We went out to a heap of circulars, letters from the police, utility bills, pamphlets from the Cancer Fund, and unread newspapers in the front hall. I picked through it awhile, but I couldn't find the envelope from Westy. Then there was a shriek from the top of the stairs. It was Sister.

“I've got the cocksucking invitation up here I”

Mr. Hooch looked very sad.

“She ain't right, Ray. She sings at night and smokes that marijuana all day and don't eat much. Go see to her, if you would.”

Her room was well set up. She had an expensive stereo system with Devon speakers, a microphone stand, a Martin guitar on the bed, which was brass and costly, a thick oyster-shell carpet on the floor, a tape deck, rugged white thick curtains on the window, and the walls were solid acoustic tile as well as the ceiling. It was a studio. It smelled like she'd lit ten joints about eight seconds
ago. It had its own refrigerator. The door shut behind me as if in a vacuum unit.
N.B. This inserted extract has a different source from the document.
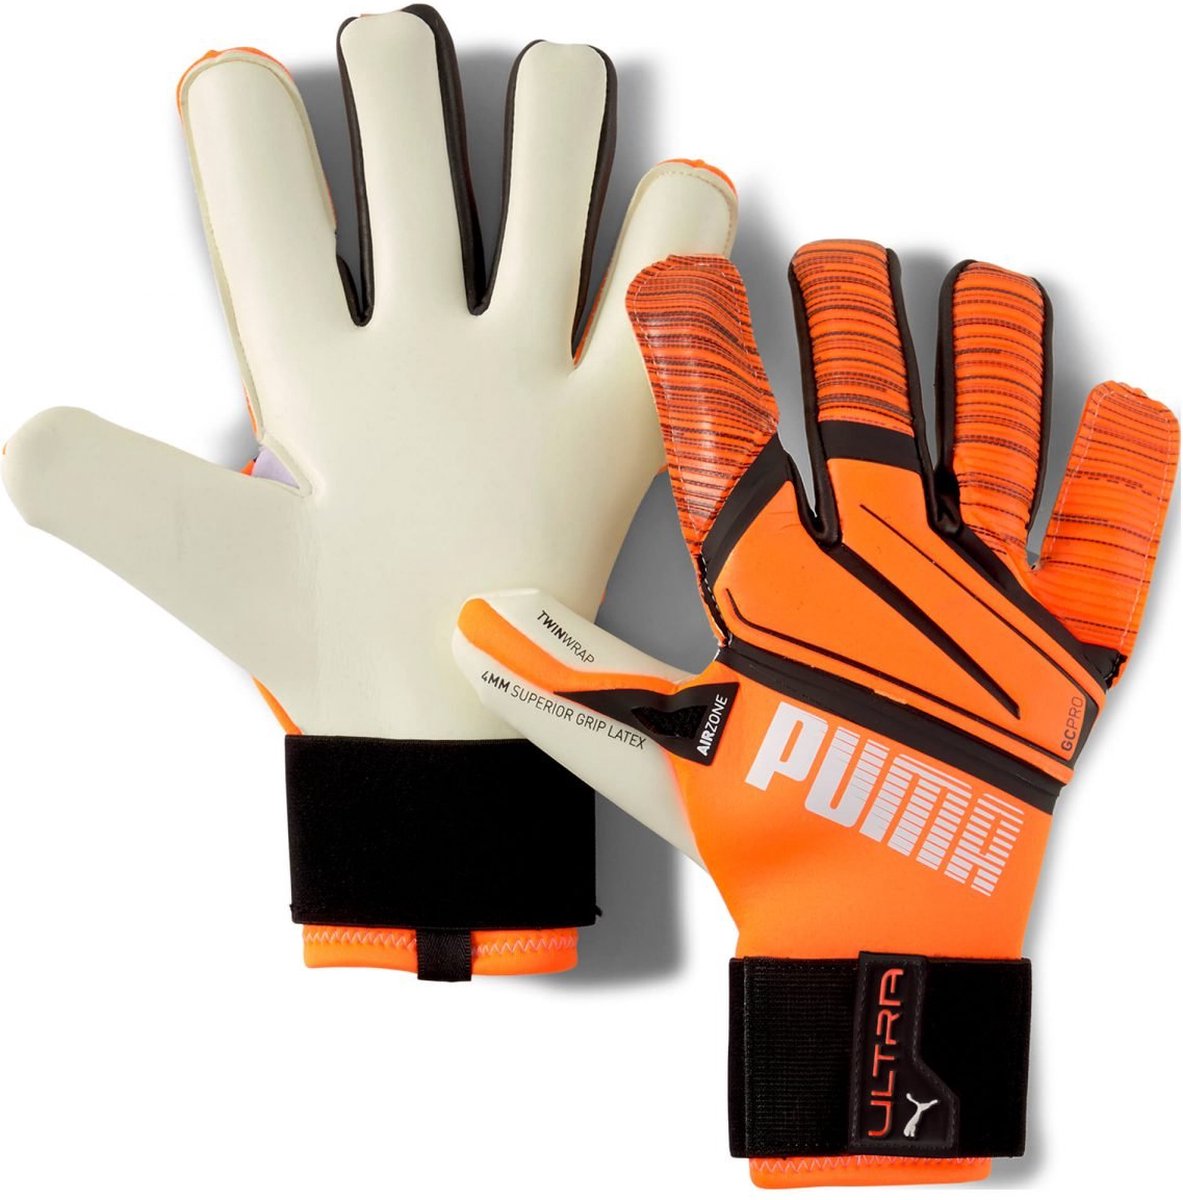 Puma Ultra Grip 1 Hybrid Pro Orange/Black/White Keepershandschoenen - Maat 10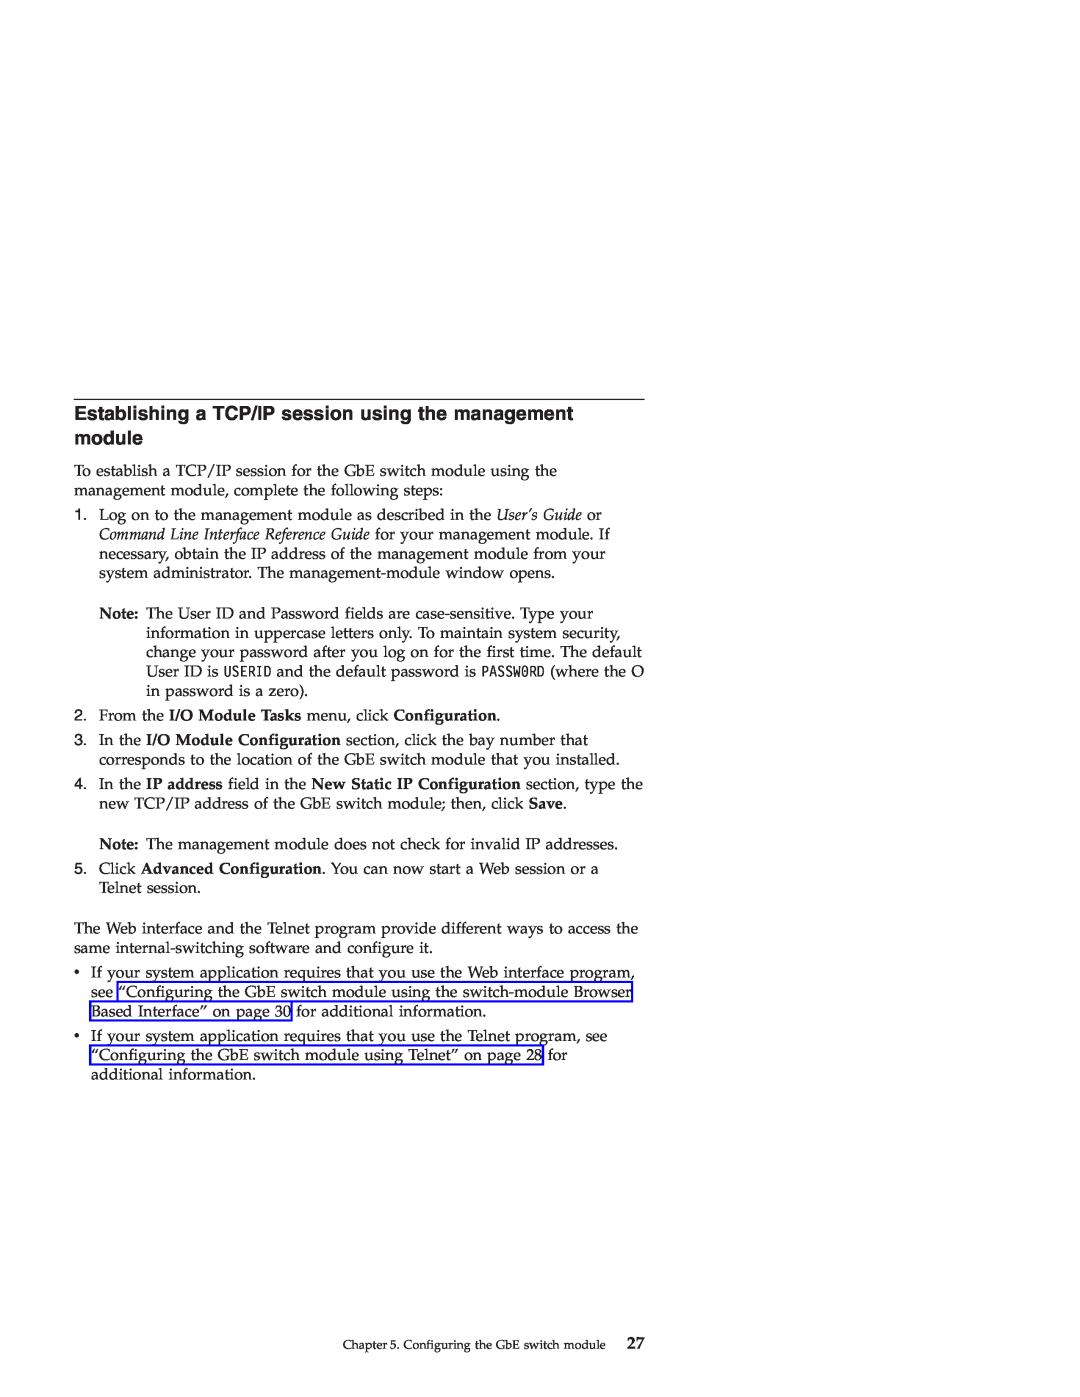 IBM Nortel 10 manual Establishing a TCP/IP session using the management module

Sister was wearing only panties and a red halter. I'd never seen her look better. Actually, in good light, I'd never seen this much of her.

She had the invitation from Westy in her hand and sat on the bed.

“Ray, you told me once that you needed to make love twice a day or you got very tense and had headaches. But I need it four times a day and I'm getting to be a better singer every day.”

I didn't say anything. I was still taking in her and the room.

“There's a man with a glorious voice I sing with named Marcel Smith. We do duets and we are making a lot of money around town and we might get an album contract with some people up at Muscle Shoals.”

“That's wonderful,” I said.

“Just like your marriage,” Sister said.

“I've got this woman. You'd like her,” I said.

“I probably would. What do you want to do?”

“Find it and live it,” I said.

“Don't you want me too?”

“If it wouldn't be too much trouble,” said I.